2つ目はとにかく身体を動かして「作業興奮」を引き起こす方法。例えばPCを開いてあいうえおと文字を打ち込む。机の上を1分間片づけてみる。そうやって身体を動かすことで脳内が刺激され、作業興奮と呼ばれる現象が引き起こされるという。この作業興奮がやる気を生み、集中力を高めてくれるのだ。ただそもそも身体を動かすのすら億劫な時もある。そんな時は「5秒ルール」も活用すると良いという。5秒ルールとは、すぐに行動に移したい時に「5、4、3、2、1、Go!」と口に出して動くだけというシンプルなもの。実は人間の脳はやらなければいけないことがあっても5秒以上考えるとやらなくてもいい理由を考え出すそうだ。この脳の性質を逆手にとり、口にしたらすぐ行動に移すクセづけをする。初めは半信半疑だったものの、楽しくゲーム感覚で取り組めるようになったのはこのコツのおかげだと感じている。

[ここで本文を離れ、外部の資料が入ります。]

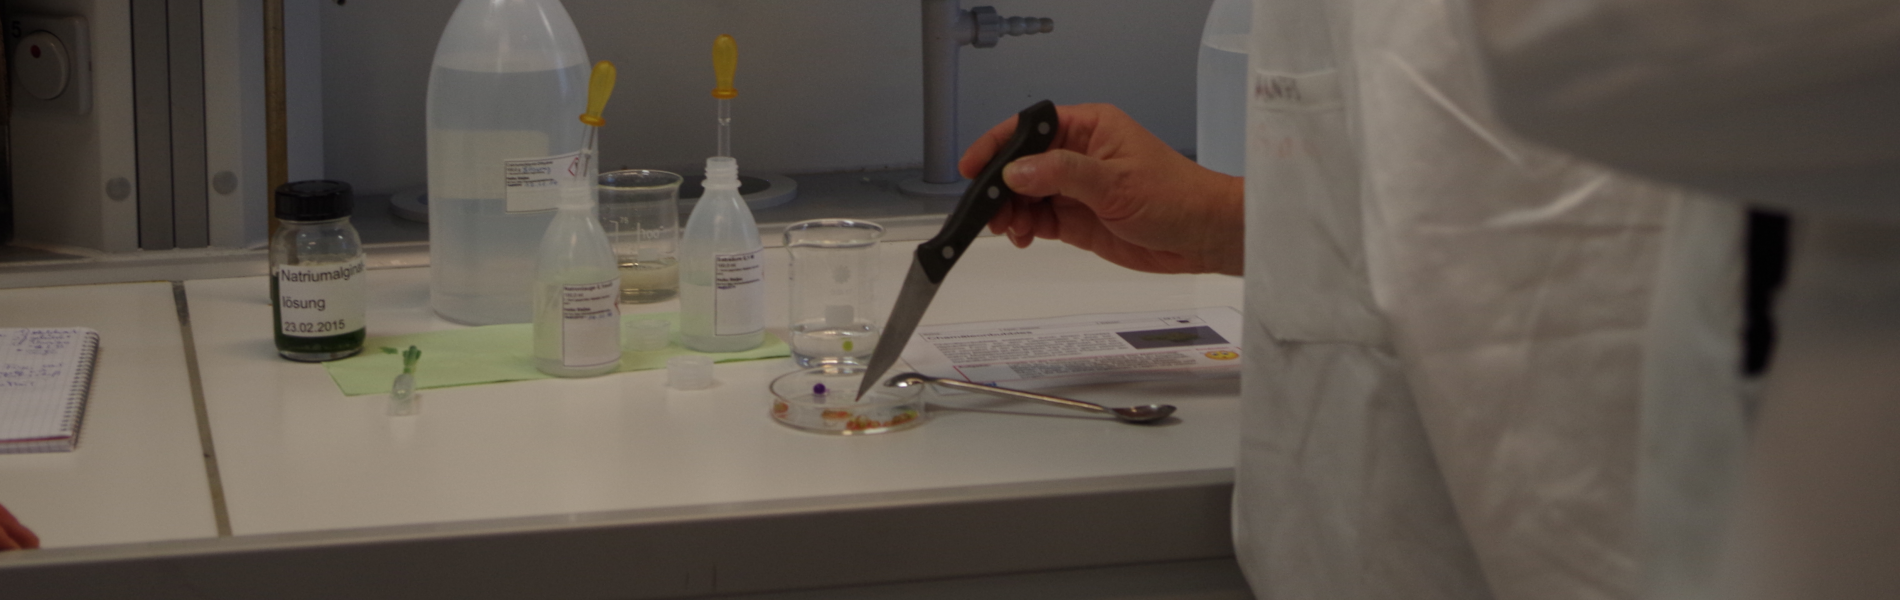 Eine Frau berührt mit einer Messerspitze den Inhalt eines Petriglases und trägt einen weißen Laborkittel dabei.

3つ目は「プランB」を用意する。予定通りに進まなかった時を想定して、代替案を用意しておく方法。プレッシャーのかかる仕事を抱えている時など、取りかかるのが精神的にしんどい時に効果的。これまで「至急対応して!」と言われた仕事は対応こそできてはいたものの、緊張で手汗をかくこともしばしば。頭の中は失敗したらどうしようと不安でいっぱいだった。そこでプランBとして、仮に対応がスムーズに進まなかった時のプランを事前に考え、対処法も合わせて用意。すると、同じ至急の依頼でも心持ちがまるで違った。プランBを考えたことで、失敗したらどうしようという不安も薄れ、気負うことなく対応することができるようになった。
実際、このレビューも1つ目で取り上げたスタート期限を決めて書き始めた。期限前には旅行に行ったものの、焦ったり不安になったりすることなく、旅行を思う存分楽しむことができた。そして書き始める際には、2つ目で取り上げた作業興奮を引き起こすことを意識し、ひとまずタイピングをするところから始めてみた。今日はPCを開けないかもと思う時もあったけれど、そんな時には5秒ルールを活用。こうして本で学んだコツを使いつつ、ここまで止まることなく書き進めることができている。締め切りは迫っているはずなのに、楽しい。そう思える日が来るなんて、この本を読むまでは思いもしなかった。とはいえこれからも先延ばしにしたくなる時もあるだろうし、面倒くさい気持ちに押しつぶされそうになることもあると思う。そんな時は自分にムチを打つのでも、がっかりするのでもなく、43個あるコツを活用し、前に進んでいけたらいいなと思っている。